Single by Official Hige Dandism

from the album Editorial
- Released: May 7, 2021
- Genre: J-pop; anime song;
- Label: Irori Records
- Composer: Satoshi Fujihara [ja]
- Lyricist: Satoshi Fujihara
- Producer: Official Hige Dandism

Official Hige Dandism singles chronology
| "Universe" (2021) | "Cry Baby" (2021) | "Anarchy" (2022) |

Audio sample
- file; help;

Music video
- "Cry Baby" on YouTube

= Cry Baby (Official Hige Dandism song) =

"Cry Baby" is a song by Japanese band Official Hige Dandism, released as a digital single on May 7, 2021. The song was used as the opening theme song to the first season of the anime adaptation of Tokyo Revengers.

==Background and release==

The full version of "Cry Baby" was first played on April 24, 2021 on the FM802 radio program Lantern Jam Times. The song was later released digitally on May 7, 2021. It was used as the opening theme song to the anime adaptation of Tokyo Revengers, which was broadcast from April 11 to September 19, 2021.

To promote "Cry Baby", throughout July and August 2021, Official Hige Dandism performed the song on the music shows The Music Day, the 2021 FNS Music Festival, Ongaku no Hi, and CDTV Live! Live!

==Music video==

The music video was directed by Takuto Shimpo and depicts the members of the band playing their instruments in a junkyard. A teaser for the music video was released on May 3, 2021.

==Reception==

In May 2021, "Cry Baby" reached 22,068 downloads. In September 2021, "Cry Baby" was certified Platinum by the Recording Industry Association of Japan.

In November 2021, "Cry Baby" reached No. 4 on the Billboard Japan Hot 100. It also reached No. 1 on the Billboard Japan Hot Animation for three consecutive weeks. In addition, it reached No. 1 on the karaoke charts, No. 2 on video views, No. 5 on the download charts, and No. 6 on the radio charts. In December 2021, "Cry Baby" had been streamed over 2 million times. Karaoke chain Joysound reported that "Cry Baby" was the second most requested anime song of 2021.

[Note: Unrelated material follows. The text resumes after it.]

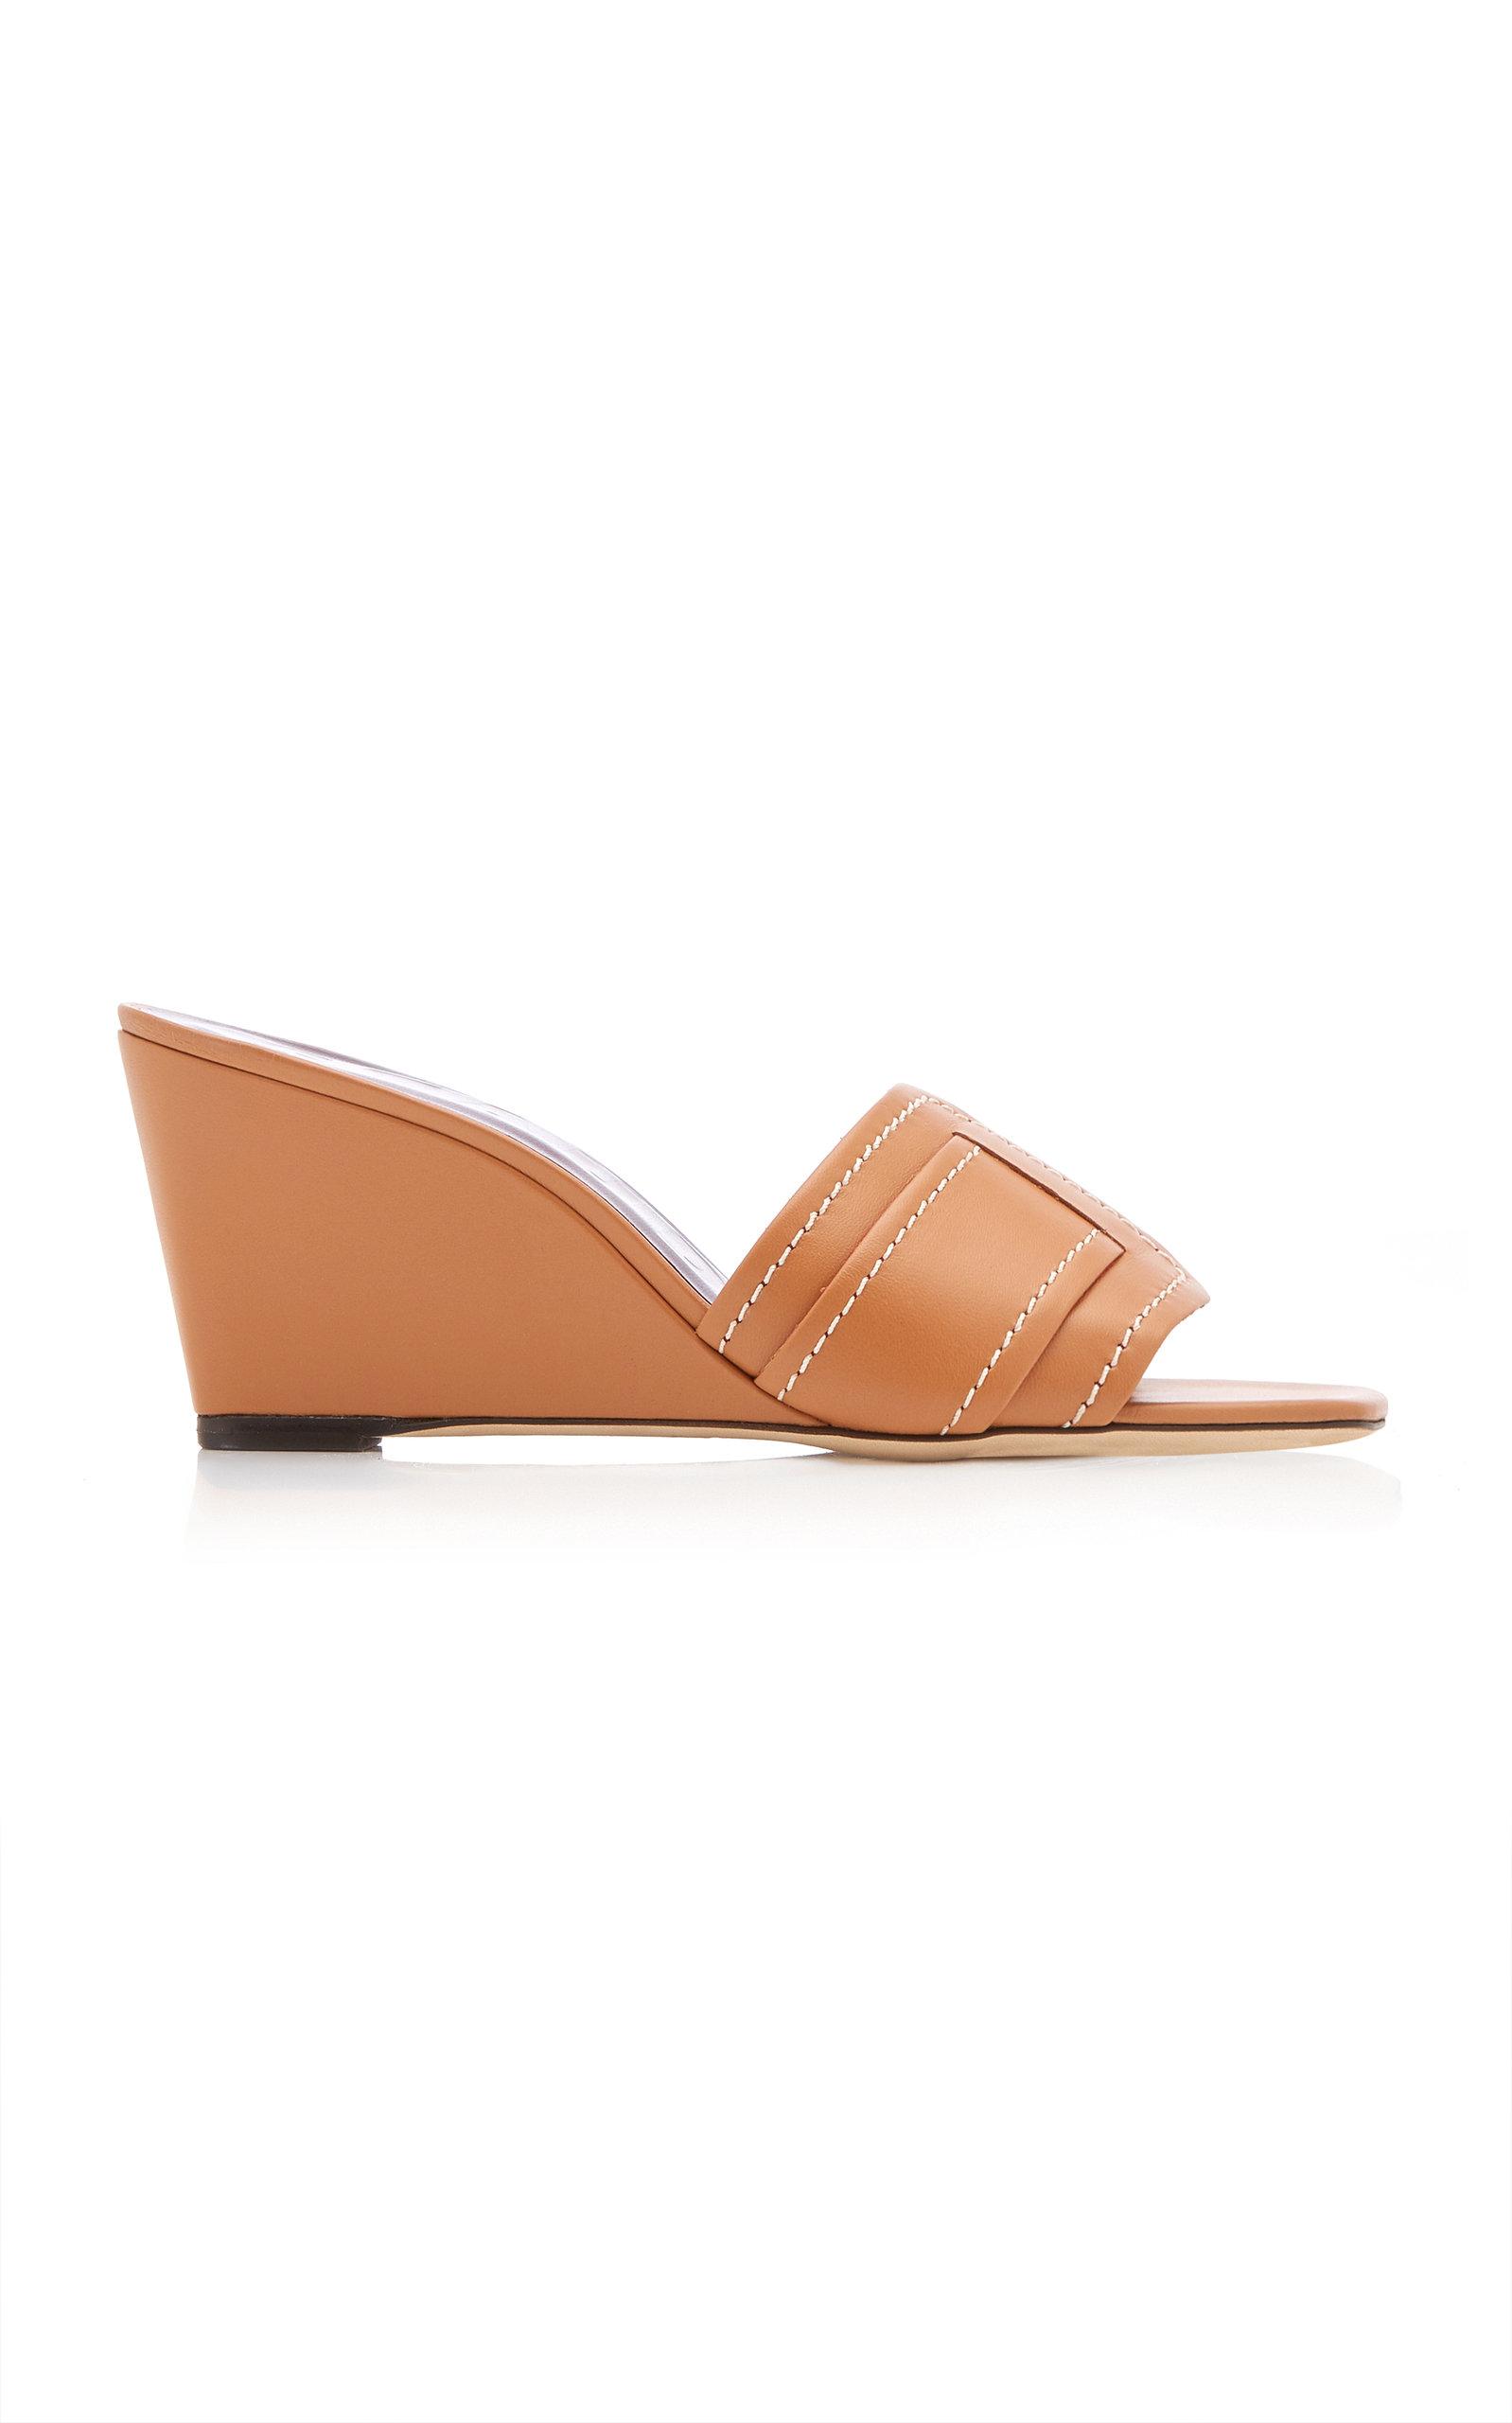 Women's Sylvie Leather Wedge Sandals

The music video for "Cry Baby" won Video of the Year and Best Group Video in the Japan category at the 2021 MTV Video Music Awards Japan.

==Charts==

=== Weekly charts ===

| Chart (2021) | Peak position |
|---|---|
| Global 200 (Billboard) | 114 |
| Japan (Japan Hot 100) | 4 |
| Japan Hot Animation (Billboard Japan) | 1 |

=== Year-end charts ===

| Chart (2021) | Position |
|---|---|
| Japan (Japan Hot 100) | 13 |
| Japan Hot Animation (Billboard Japan) | 5 |

| Chart (2022) | Position |
|---|---|
| Japan (Japan Hot 100) | 17 |
| Japan Hot Animation (Billboard Japan) | 6 |

| Chart (2023) | Position |
|---|---|
| Japan (Japan Hot 100) | 77 |

==Sales and certifications==

| Region | Certification | Certified units/sales |
| Japan Digital | — | 276,716 |
| Japan (RIAJ) Streaming | Diamond | 500,000,000^{†} |
^{†} Streaming-only figures based on certification alone.

==Awards==

| Award Ceremony | Year | Category | Result | Ref. |
| Crunchyroll Anime Awards | 2022 | Best Opening Sequence | Nominated |  |
| MTV Video Music Awards Japan | 2021 | Best Video of the Year | Won |  |
| Best Group Video (Japan) | Won |
| Japan Gold Disc Award | 2022 | Best 5 Songs by Streaming | Won |  |
| Best 5 Songs by Downloads | Won |

==Cover versions==

The official YouTube channel for the anime adaptation of Tokyo Revengers released a video of Mikey's voice actor, Yū Hayashi, performing a cover of "Cry Baby" on October 11, 2021.